Riley Fisher is a great character and one I enjoyed spending time with. She has a past, one which is slowly and carefully revealed to the readers, but one which overwhelmingly informs the person that she is and the cautious and almost isolated personality that she portrays to the world. She is also a woman in a very masculine world, her appointment meeting the usual resistance and animosity amongst some of her testosterone packed colleagues. It adds a layer of conflict and complication to the investigation, although not all of her team are against her, Logan Wood being a notable exception. He was another great and ultimately very likeable character. Not quite chalk to Riley’s cheese, but there were great enough differences between the two to create some lighter moments between them, but a tight enough bond to make them a very memorable pairing.
There is a very dark side to this thriller, one which becomes very apparent when we, as readers, are treated to some scenes from the point of view of an altogether disturbing character.
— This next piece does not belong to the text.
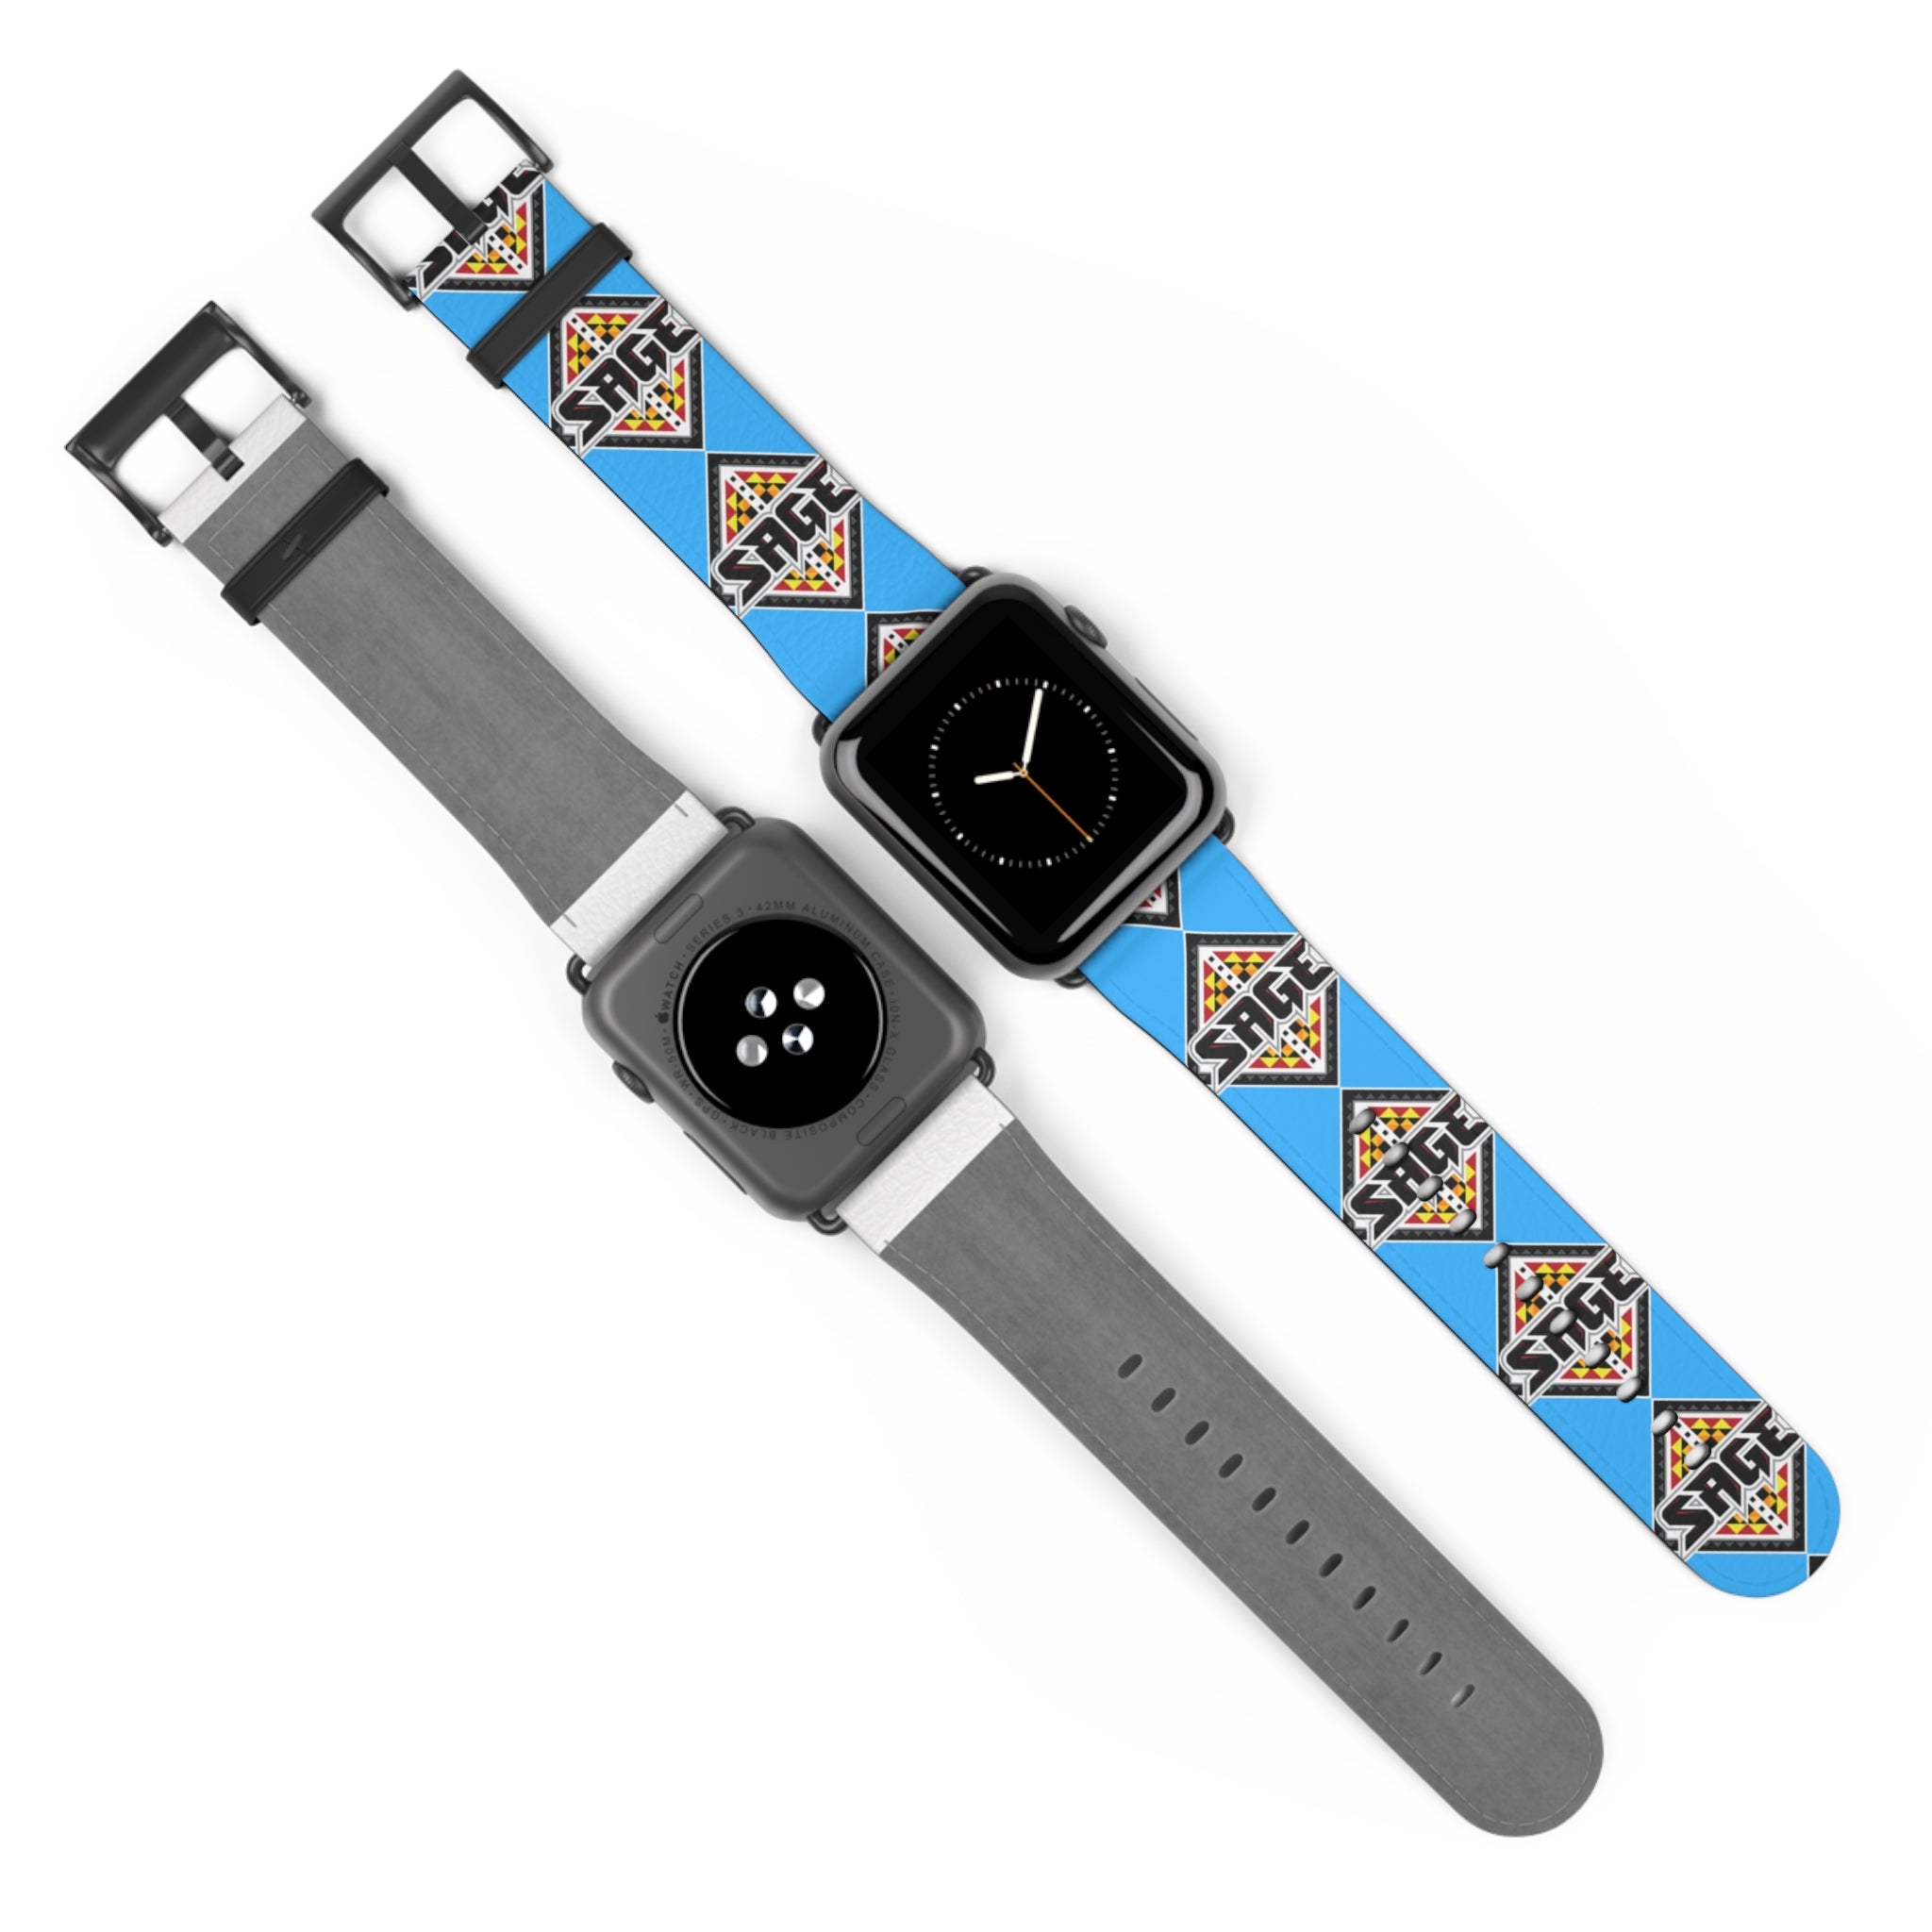 SAGE Geometric Leather Blue Apple Watch Band

We know little about them, aside from their somewhat unusual habits, and how they fit into the story takes some time to truly uncover. It gives the book a real edge, a tension which you can hear and feel humming along in the background, kind like power cable in a storm. It gives us a real edge over the investigators, but still not necessarily giving us the whole picture.
With missing people, murder, deceit, some very duplicitous and shady characters this book had everything I look for in a cracking thriller. A beautiful and effective narrative style, coupled with perfect scene setting, that transports you to the heart of an Iowa cornfield just as easily as it does the Sheriff’s office or the dark and disturbing basements that may haunt your dreams for a while. It’s the kind of book which has a very visual feel to it, one that would easily translate to a TV adaptation, and one which has characters who I warmed to really quickly and who are so vivid that I feel like I’ve known them much longer than one book. I hope there is much more to come from Riley Fisher in the future. Recommended.
About the Author
Erin Young’s debut thriller, THE FIELDS, was inspired by an article about the menacing power of Big Agriculture. A decision to set the novel in the corn-capital of the world led her to make a fascinating journey across Iowa, from the state capitol to the state fair, from chance encounters with cops and farmers to an audience with a local mayor, shooting Glocks at a range and getting caught in supercell storms. Having grown up in a fishing village in Devon, she is drawn to the claustrophobic dramas of rural small-towns and the secrets they hide.
Erin Young is the pseudonym of acclaimed historical novelist, Robyn Young, author of eight internationally bestselling novels. She has been published in 19 languages in 22 countries, selling two million books worldwide. THE FIELDS is her first contemporary thriller. She lives and writes in Brighton, England.